The FSA in Louisiana
Within its first year of operation, Carl Mydans, Arthur Rothstein, Walker Evans, and Ben Shahn all visited Louisiana. Rothstein arrived first, in September 1935, and Mydans followed nine months later. Both men worked in New Orleans and below the city, in Plaquemines Parish. Between these tours, Evans and Shahn, former New York roommates, visited the state, each on his first trip through the South. Shahn shot most of his photographs among migrant fruit pickers in and around Hammond, taking special interest in a family whose bare feet and hardscrabble existence belied the family name, Fortuna, an irony he doubtless relished. Evans quickly followed, having worked his way down the Ohio and the Mississippi River, all the way from Pittsburgh. Moldering plantations on either side of the river clearly fascinated him, Belle Grove especially. He also took an interest, as did all his colleagues, in New Orleans architecture. Indeed, Evans included photographs from both the plantation district and the city for publication in his monumental American Photographs (1938).
Meanwhile, in the summer of 1937, in addition to a trip down Bayou LaFourche, Dorothea Lange focused her efforts in and around Fullerton, Louisiana, southwest of Alexandria. Located in what Lange described as the “cut-over area”—a reference to a nonrenewable harvesting method—Fullerton was a virtual ghost town. Lange’s images emphasize the connection between environmental degradation and social dislocation, a theme central to her classic 1941 study, An American Exodus: A Record of Human Erosion, coauthored by her husband, Paul Taylor.
Roy Styker’s most prolific FSA photographers in Louisiana were Russell Lee and Marion Post Wolcott. Lee first arrived in September 1938, spending the next two months south and west of New Orleans.

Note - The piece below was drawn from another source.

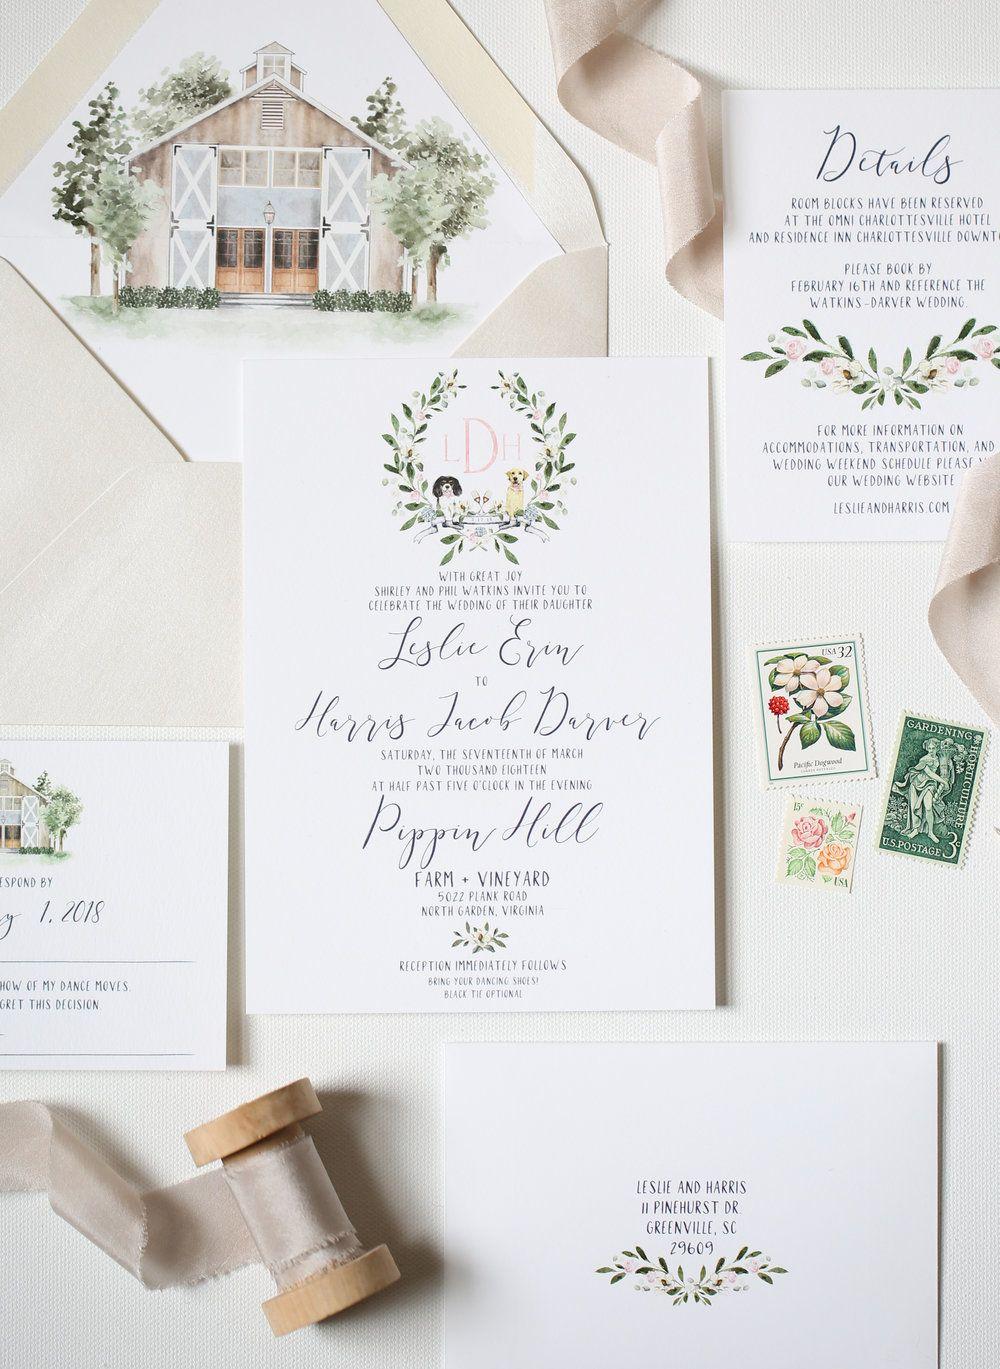 Custom Wedding Invitation Suite of Pippin Hill Farm by Emily Mayne ...

Aboard the El Rito, a packet steamer bound for the Gulf, he documented life, labor, and leisure among the crew and within small communities along the river. Subsequent excursions took him through the Acadian parishes to St. Martinville, Abbeville, and Opelousas, among others. He documented the salt plant on Jefferson Island, shrimpers in Morgan City, and the sugar cane harvest in Delcambre and Jeanerette before touring the sugar mill in Breaux Bridge. Then, following stops in New Iberia, Raceland, Houma, and Lafayette to record the rice harvest from field to finishing process, it was off to the annual Rice Festival in Crowley.
For versatility, however, no one matched Marion Post Wolcott, whose assignments took her to almost every corner of the state. She photographed Louisiana’s two FSA farm co-ops: Terrebone in Schriever, which was for whites, and its black counterpart, La Delta in Lake Providence. She studied the fur trappers on Delacroix Island, French Quarter architecture, and the Cane River Creoles living near Natchitoches. In late 1941, she recorded the overcrowded conditions among the many thousands who had swarmed into Alexandria seeking defense work.
In June 1943, John Vachon became the last FSA photographer to visit Louisiana, focusing primarily on New Orleans, then a wartime city. He paid particular attention to the Higgins shipyard, whose work proved so crucial to American amphibious campaigns in Europe and the Pacific. By the time Vachon reached New Orleans, the FSA had become part of the Office of Wartime Information, one of several federal agencies organized to explain to the American people the origins, aims, and nature of World War II. The FSA as such had formally ceased operations and closed its offices by the end of 1943.